Светлый фон
В беспамятстве ночная песнь поется. Не слышно птиц. Бессмертник не цветет. Прозрачны гривы табуна ночного. В сухой реке пустой челнок плывет. Среди кузнечиков беспамятствует слово.

Тут ничего нельзя схватить за нос. Тяжелая конкретность во власти невесомого интеллекта…

Я стремился добиться этого приоритета «невесомости» в своих псковских этюдах. Я рисовал портрет «Ведьмы», на которую мне как на ведьму указали ее соседи. Персонажи «Земство обедает» меня не удовлетворяли, я видел в них больше!

 

Я описываю тонюсенький-растонюсенький «слойчик», не слой даже, той петроградской жизни. Жизни художников, поэтов, даже не ученых! Это сливочки в бадейке молока, которые можно снять безопасной бритвой! 15–20 человек, ну, тридцать от силы, в нации в 200 миллионов человеко-единиц, человеко-едоков! Пожалуй, даже и бритвой не снимешь. Французы изловчились выдумать «словечко» для этого: «Point de fleur». Точки цветка! Мы не имели надобности в этом понятии!
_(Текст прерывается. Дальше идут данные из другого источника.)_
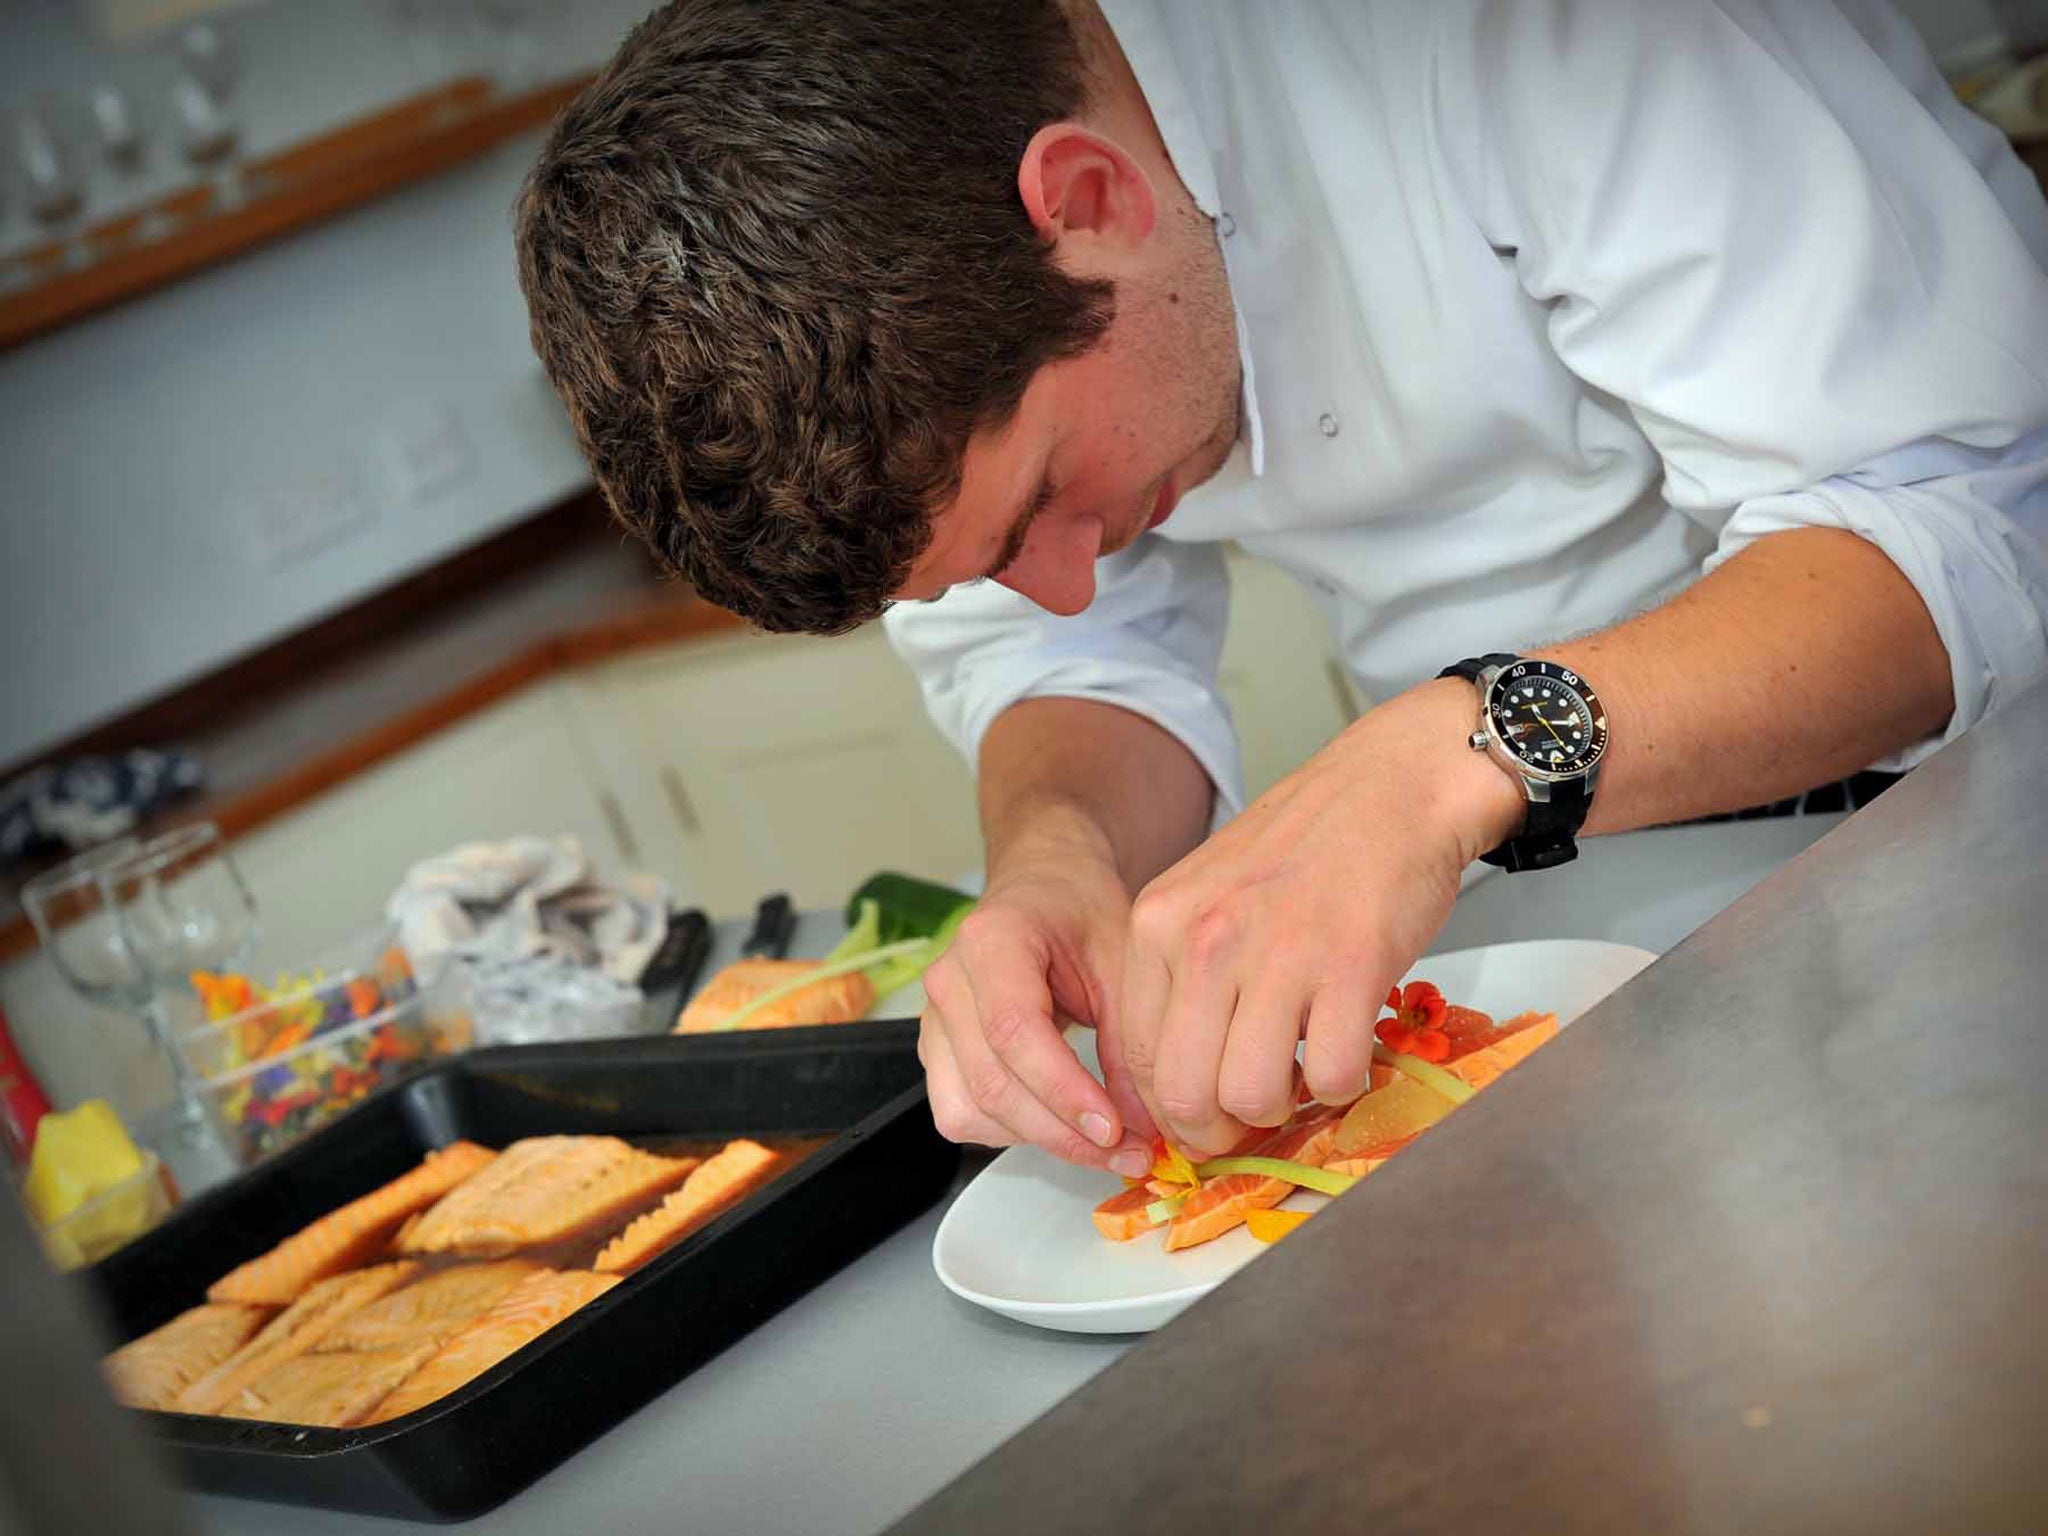 Chef Calum Munro prepares a starter dish in the kitchen at Scorrybreac House

Мне скажут: это узко! Да, это мелко! Не думаю.

А та Большая Жизнь бурлила, рвала скалы, и неслась Великая Река по новому руслу. Сколько новых людей приехало в этот город. Приехали учиться, приехали действовать, а не «услужать», как раньше! Быть дворниками и горничными!

Они учились в вузах, жаждали вступить на высшую ступень культуры в жизни, они выгружали мокрые дрова из барж в свободное от «учебы» время (это слово появилось тогда, раньше русский язык не принял бы его в свое лоно как «урода»). Работали по ночам на железной дороге, чтобы как-то улучшить паек, чтобы «пошамать» и отдохнуть на «койке»! И грызли, грызли гранит науки!

Но я не призван быть бытописателем эпохи! Я не писатель. Я ведь и этот «слойчик» стал описывать случайно.

Но вы бы зарисовали их!

Нет! Жизнь требовала, чтобы я рисовал их «романтически», с прищуренными глазами! Реальность люди не ценили. Она их угнетала и придавляла! Может быть, они были правы!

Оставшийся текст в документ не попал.